By a fluke of scheduling, none of the other chaperones on the Full Belly Farm Trip were parents with whom I have spent a lot of time. By default, as parents we tend to socialize most with the families of our children’s close friends – at least in the early years. Now, as anyone who has read this blog should know, I am not by nature an extrovert. Getting to know new people is not inherently joyful to me; it is exhausting. But I learned something in that spring grass, around the “kitchen” set up beneath the walnut trees and in our rambles about the farm. Regardless of our backgrounds, career trajectories, marital status, or lifestyle, many of us were on the same journey. Perhaps it is age-related – maybe adults undergo some sort of sea-change in the years surrounding the dreaded 4-0. Or perhaps it relates to the ages of our children, the glimpsed possibility that, as our children come into themselves, we will not forever be known as “so-and-so’s Mommy or Daddy.” Whatever the reason, there seemed to be a common thread to our conversations, one of self-challenge and discovery, yet still tied into the underlying fears of parenting – how do I do this? Am I doing it right?
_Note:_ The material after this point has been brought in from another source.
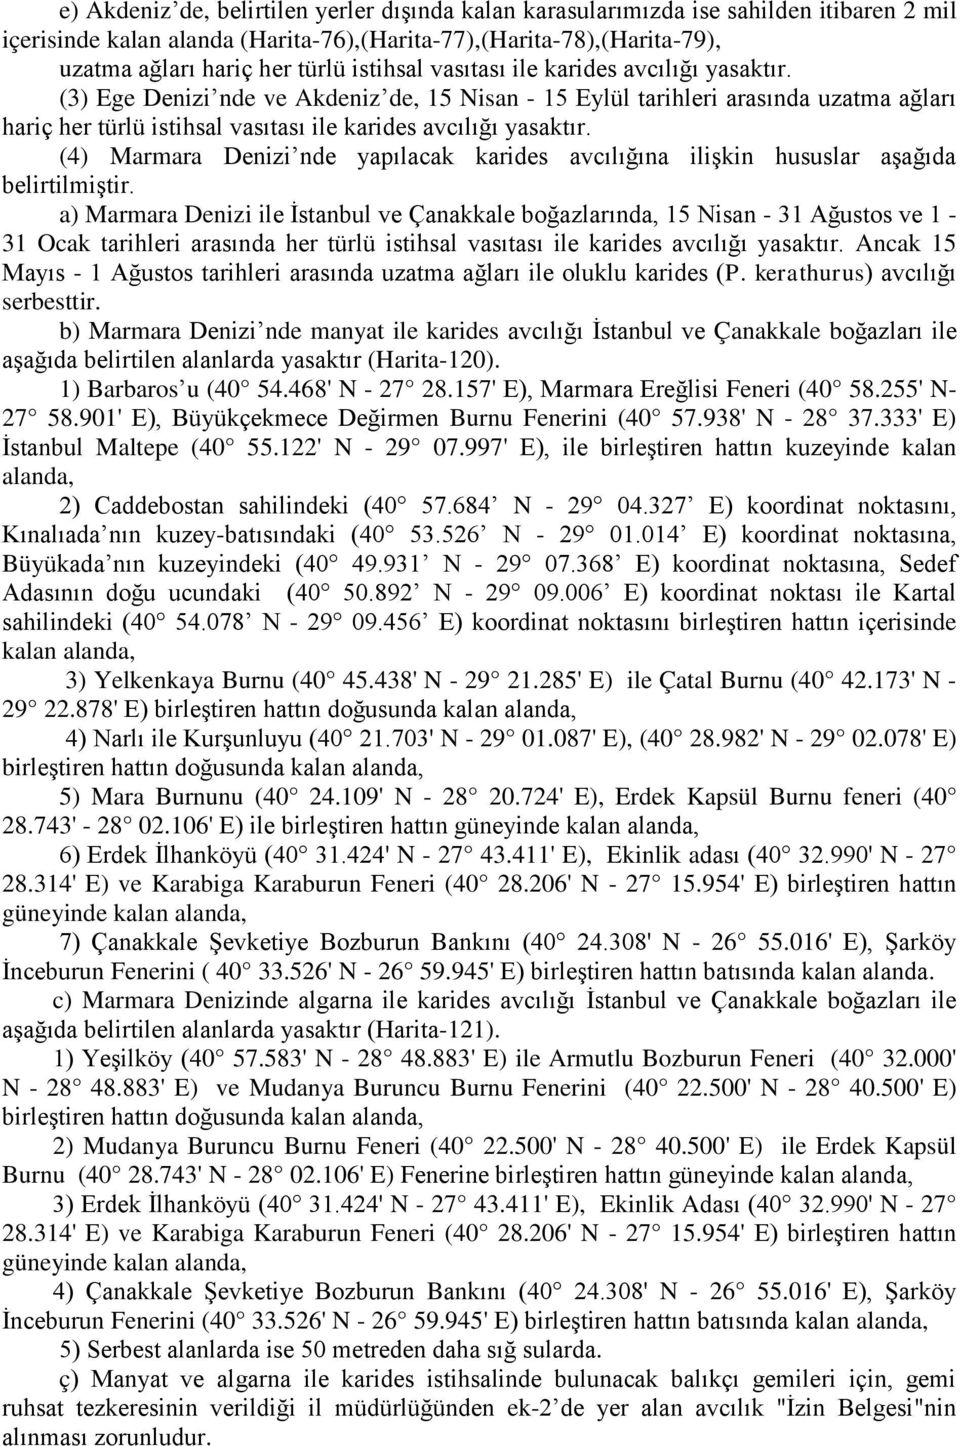 (4) Marmara Denizi nde yapılacak karides avcılığına ilişkin hususlar aşağıda belirtilmiştir.
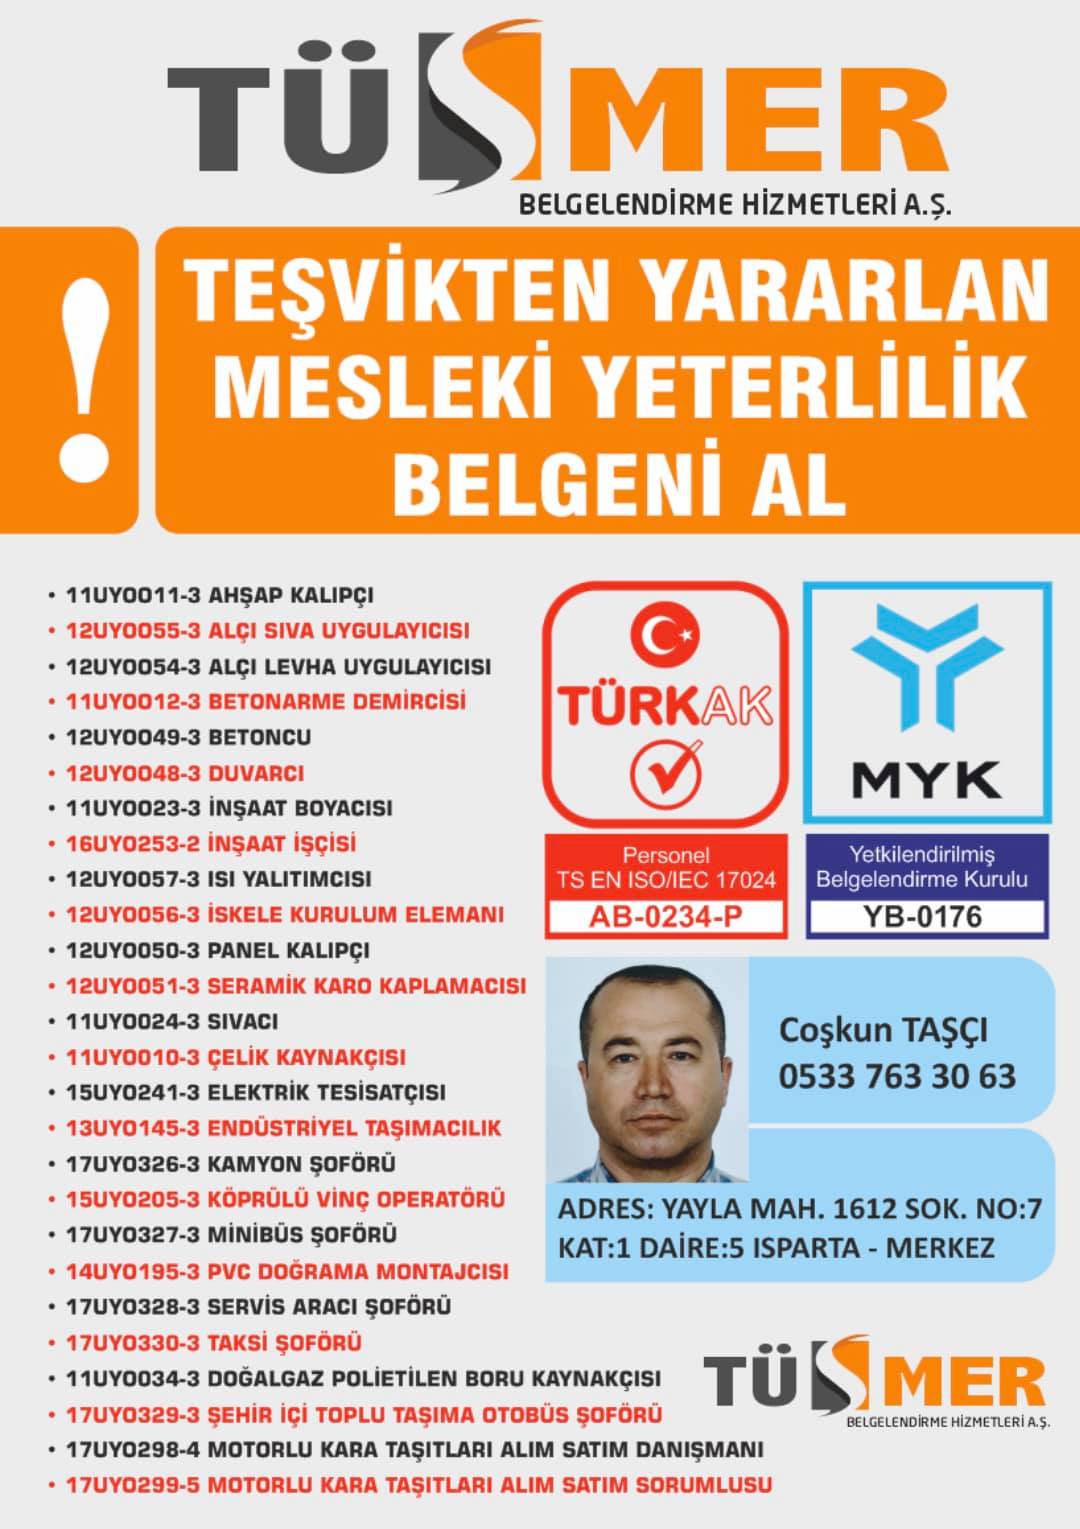 MYK MESLEKİ YETERLİLİK BELGESİ Erenköy Kadıköy İstanbul

Farming relies upon an intricate web of factors: skill, knowledge, discipline, work, and luck. For every factor that the farmer can control -- soil amendments, crop rotation, time of planting – there are factors that are beyond control – weather, disease, market preferences. Farmers know inherently something that is often forgotten by those of us tethered to our sidewalks and municipal plumbing: much of life is outside our control. But, the most important thing we can provide is good soil.